Стремлюсь к тому, чего я не знаю,
Не знаю…
И это желанье не знаю откуда
Пришло, откуда.
. . . . . . . . . . . . . . . . .
О, пусть будет то, чего не бывает,
Никогда не бывает.
. . . . . . . . . . . . . . . . .
Мне нужно то, чего нет на свете,
Чего нет на свете.
Эта тенденция, как имеющая свои глубокие корни в условиях современной общественной жизни, заслуживает самого серьезного внимания. Но не следует преувеличивать ее значения. Оно очень ослабляется тем обстоятельством, что движение становится модным и потому неискренним: людям кажется, что поза человека, которому нужно то, ‘чего нет на свете’ и ‘чего не бывает, никогда не бывает’, очень красива, и они охотно принимают эту позу, не испытывая в действительности соответственных чувств. И нужна смелость Шишкина, чтобы в известных кругах сказать: ‘Будь я не Иван Иванович, а Болван Болванович, если пойду еще раз смотреть эту ерунду!’ Как бы то ни было, однако, а мы видим целый ряд художественных произведений, в которых искренно или не искренно отражается тяготение к тому, чего не бывает, никогда не бывает. К этой общей цели художники подходят с разных сторон: то изображают события, каких не бывает, то пишут деревья, каких нет на свете, то пускают в ход краски, не соответствующие действительности, то комбинируют реальные черты с невозможными. Спрашивается, какое же ‘настроение’ внушается всем этим зрителю?

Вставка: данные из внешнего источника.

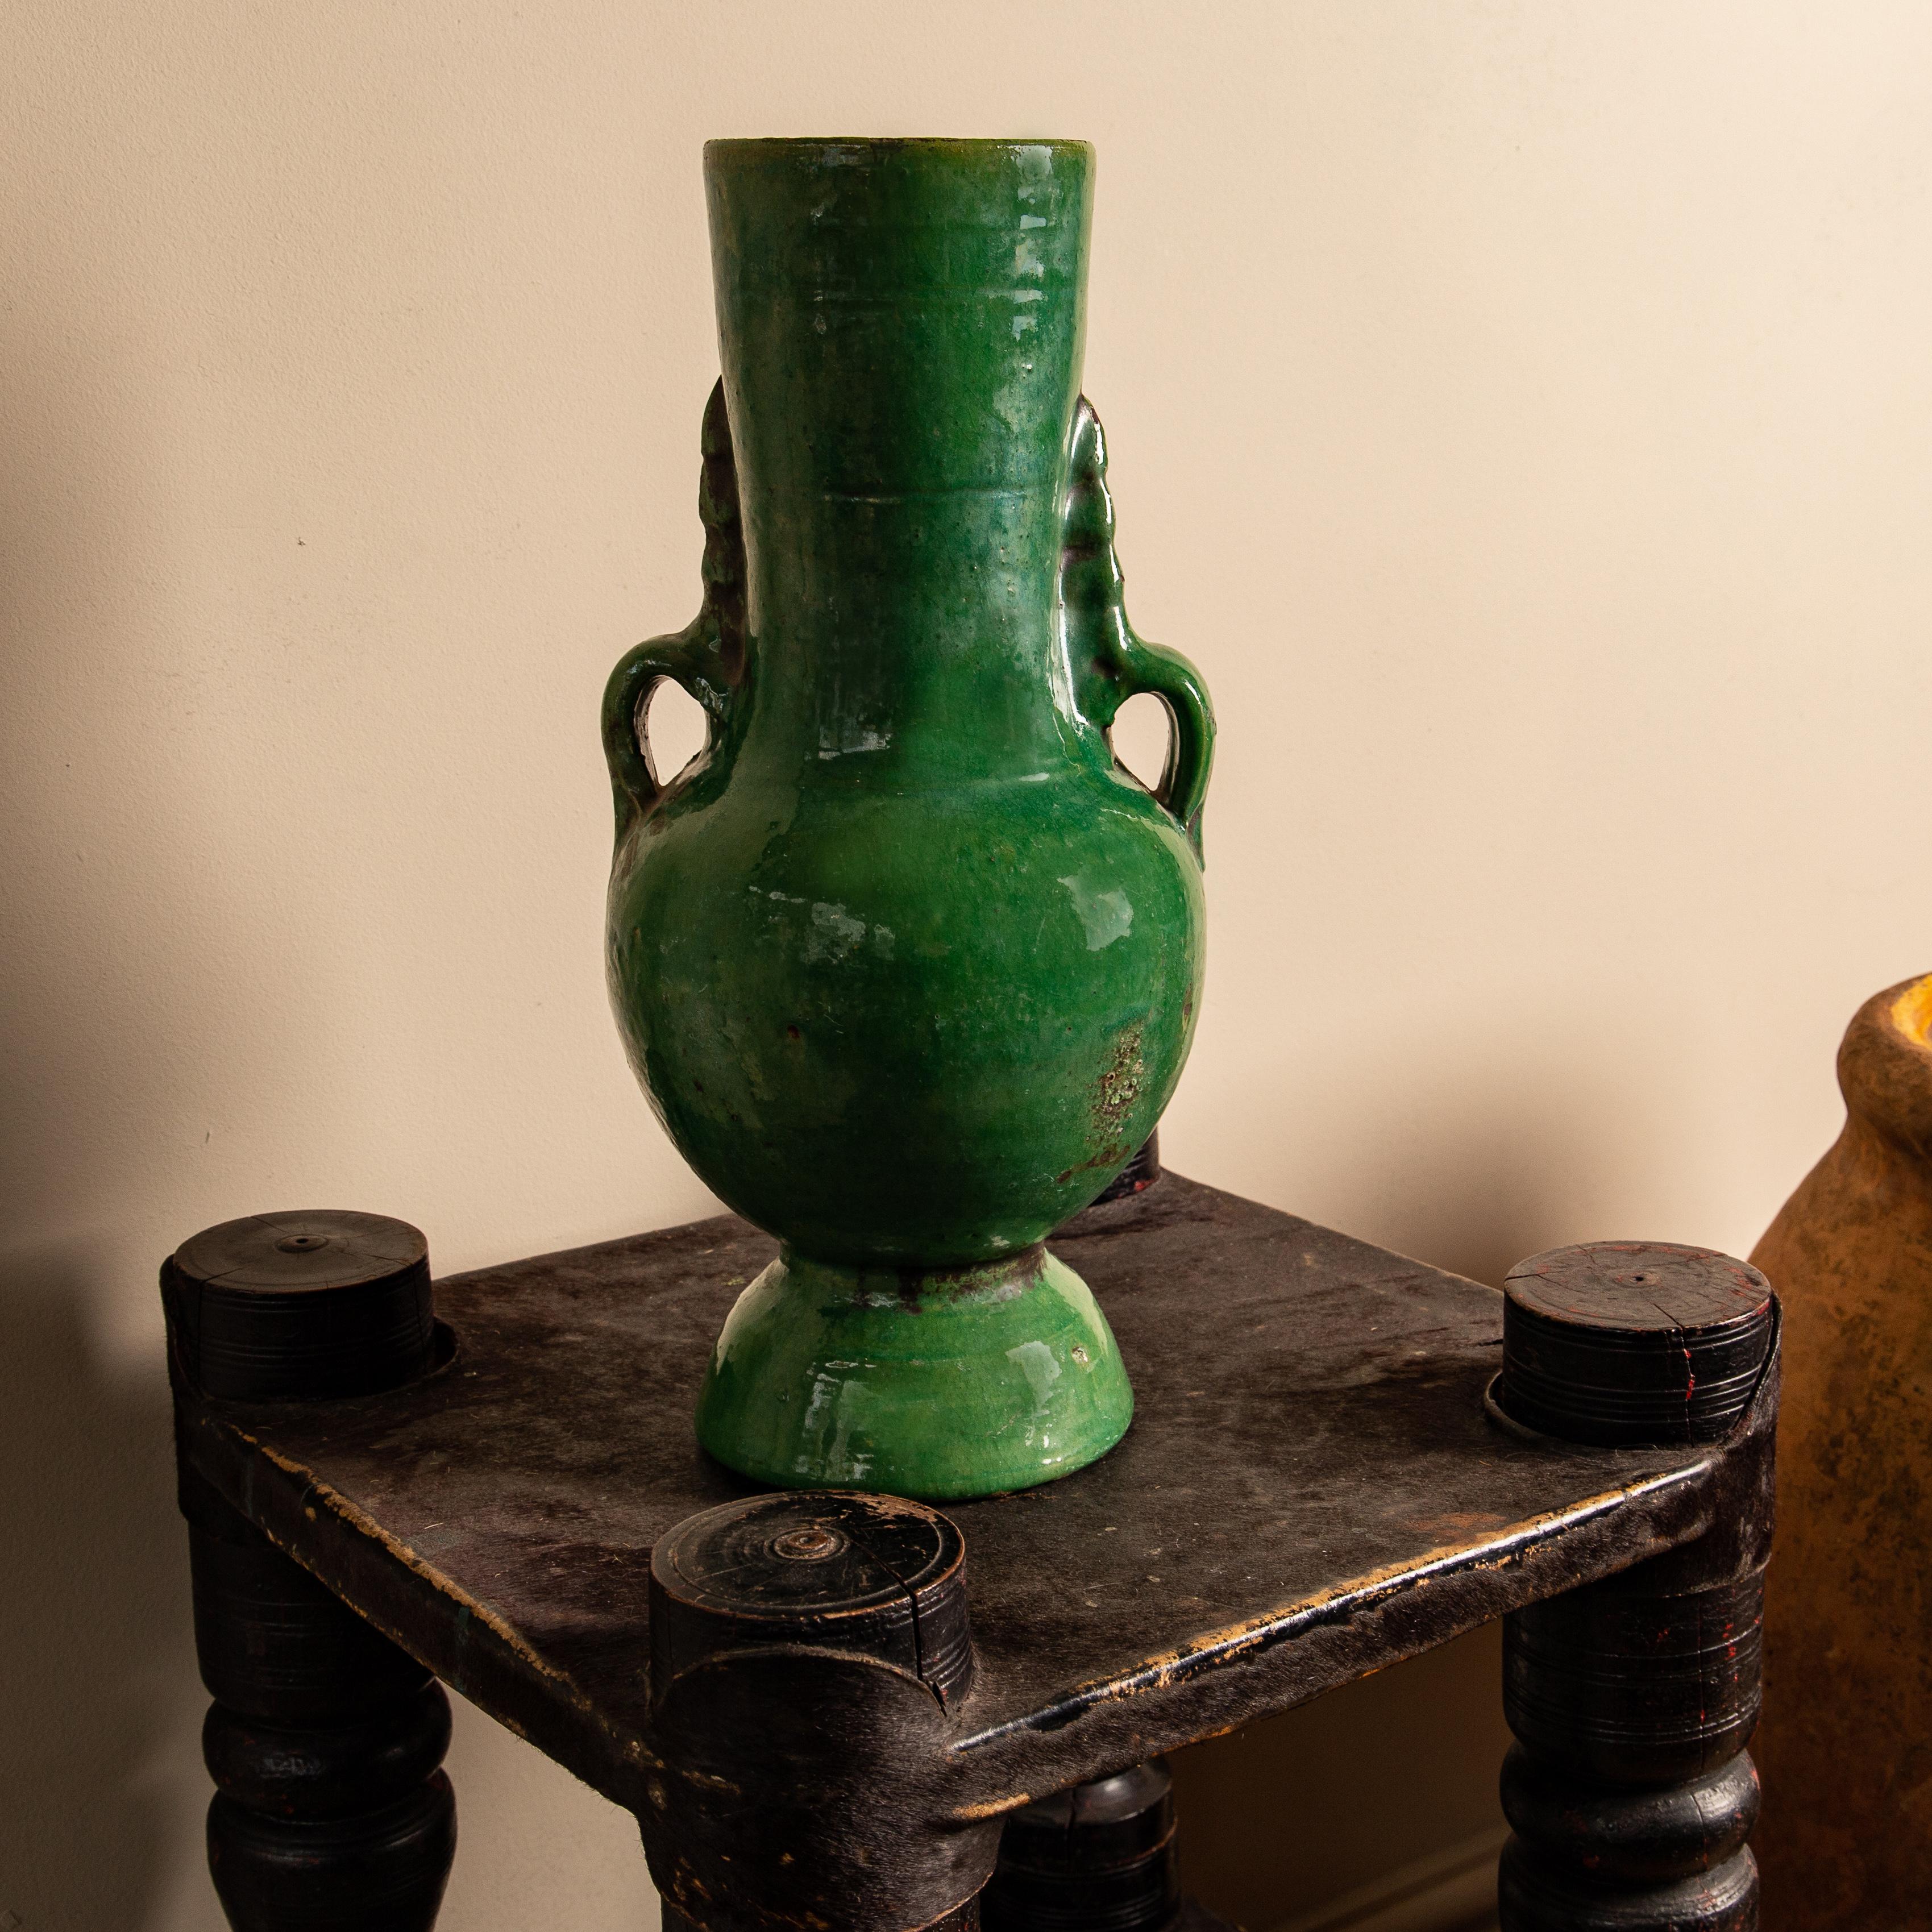 Morocco, circa 1850

Of ancient sculptural form, an original tribal piece from the village of Tamegroute located in the Draa River valley in southern Morocco. With characteristic green glaze showing great patina. Some minor defects around the top

На выставке, о которой идет речь, есть несколько картин г. Эдельфельта. По правде сказать, этому талантливому художнику как будто и не место в такой компании: слишком он для них прост и ясен, слишком привержен к тому, что и есть, и что бывает. И, например, его упомянутая уже картина ‘Похороны ребенка’ вызывает вполне определенное настроение грусти. Но вот его же картина ‘Магдалина’. Стоит Христос в белой одежде, с выражением кротости на лице, как его обыкновенно пишут, только выражение это не ярко, может быть, потому, что Христос стоит в профиль. Словом, Христос традиционный, ничем не выделяющийся из бесчисленных изображений Спасителя. Перед ним на коленях, простирая к нему руки и с полными слез глазами стоит Магдалина. Скорбь грызущей совести, может быть, уже облегченная этими слезами и надеждой на прощение, передана очень сильно. А так как г. Эдельфельт, к счастию, не щеголяет ни намеренною неправильностью рисунка, ни нелепостью красок, ни другими подобными вздорами, мешающими зрителю войти в данное положение, пережить преображенную жизнь, то между зрителем и художником и зрителем и кающеюся Магдалиной возникает то осложненное художественным наслаждением общение, которое составляет конечную задачу искусства. Одна беда: эта прекрасно написанная Магдалина, в противоположность Христу, вполне современна. Это — современная типичная чухонка в кофточке ж современном костюме вообще. Зачем это? Конечно, и современная финская, как и всякая другая грешница, может испытывать чувства скорби и покаяния и надежды искупления совершенно так же, как Магдалина, и точно так же выражать их. Но одно из двух: или Магдалина должна быть современна Христу, а не нам, или Христос должен ей явиться в видении, в мечте, пожалуй, в виде художественного произведения, скульптурного или живописного. Я знаю, что г. Эдельфельт не первый прибегает к этому сочетанию евангельских черт с современными,— у французов уже есть подобные картины. Но это не мешает быть этому новому пути в живописи ложным, по той простой причине, что он разбивает цельность впечатления. Так и хочется разрезать картину г. Эдельфельта пополам.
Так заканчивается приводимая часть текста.